Вольер (Дымовская) - страница 131

– Да‑да, Лала, может, он… оно… я имею в виду искомый Треф не захотел или просто‑напросто не нашел ВЫХОД ранее. Крапивищи там, ты говорила, с ума сойти!

– Ваша особь, Амалия Павловна, перепугалась бы до родильных схваток. Впрочем, миль‑пардон, это не она, а он. Все равно – до блаженного моления, до обморока, до медвежьей болезни! Никакой Фавн тут бы ровно ничего не поделал. Повязали бы тепленькими прямо у границы. Однако заметьте, Трефа мы ищем вторую неделю, скоро третья пойдет. А результат нулевой.

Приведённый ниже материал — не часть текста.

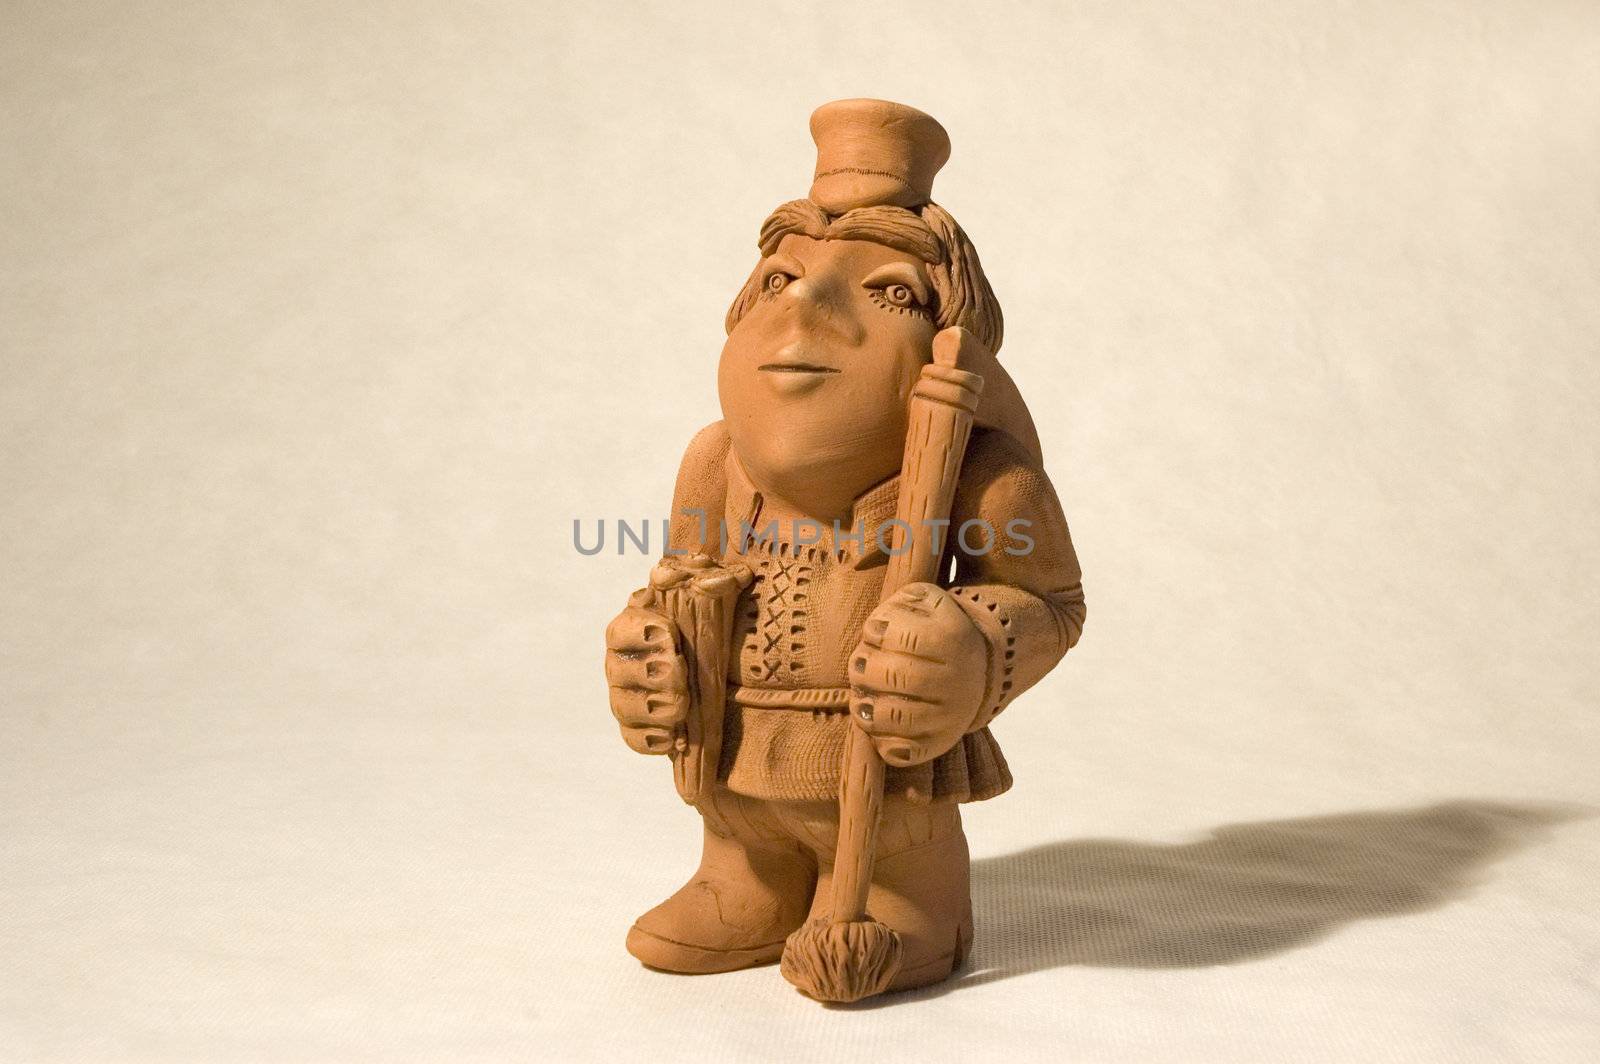 subject is the clay figurine of the peasant

Хотя я бы сказал, без преувеличения отрицательный.

Неорганизованный их гвалт перекрыл собой звонкий и по‑хозяйски властный приказ Игнатия Христофоровича:

– Викарий, свет попрошу! – в ответ по кабинету медленно, с пощадой для глаз, рассеялись пасмурные сумеречные блики.

Присутствующие от неожиданности замерли в картинных позах, ломких и неестественных, точно вырезанные из бумаги и пестро раскрашенные наспех куклы. Казалось, в замедленном ритме каждый подсознательно перетекал в иное душевное русло. Амалия Павловна – запальчивое для грядущего спора выражение ее янтарных глаз сменялось негодующими всполохами огня в сторону слишком близко подобравшегося к ней Гортензия. Сам Гортензий из ленивой неги вот‑вот был готов съежиться в виноватый клубок. Карл застыл с поднятой в ораторском взлете рукой, будто не понимая, что делать дальше – опустить или отмахнуться в пренебрежительном жесте. Пасмурное утро или вечер тем временем прояснилось до мягкого, словно приглушенного клочковатыми облаками дневного света.

– Викарий! Четвертый, особый «баскет»! Сопереживатель не включать! – скомандовал Игнатий Христофорович верному «лаборанту».

Будто «дежавю». Будто временная петля Мёбиуса. Будто замкнутый круг. Более у Гортензия подходящих сравнений не нашлось. Все это уже было. Было. Даже приказ Викарию повторял близко, если не дословно, однажды уже слышанный и оттого знакомый.

В центре комнаты ослепительно белый столб в этот момент распался на четкое, подвижное изображение. Игнатий Христофорович каким‑то торжествующим, чуть ли не судейским тоном комментировал разворачивавшуюся перед «почтенным собранием» молекулярную запись.

– Дестабилизация, как вы изволите наблюдать, приближена к максимально допустимому пределу. А ведь это происходит в час традиционного молебна на площади! Массовая апатия, за ней, как следствие, в недалеком будущем немотивированная агрессия. Но не это сейчас главное! – Игнатий Христофорович взял нарочитую паузу, как если бы собирался огорошить присутствующих неким скандальным фактом. Впрочем, именно это он и проделал: – Видите, там, крайний справа. Нечеткое выражение в чертах лица, излишняя одутловатая возрастная полнота, неуверенная координация – особь в явном замешательстве. Это и есть пропавший Треф! Да‑да! Викарий запросил и скрупулезно сверил регистрационные генные шифры, плюс визуально‑портретные данные – ошибка исключена. Так кого, позвольте узнать, милостивые господа, вы искали в минувшие тревожные дни?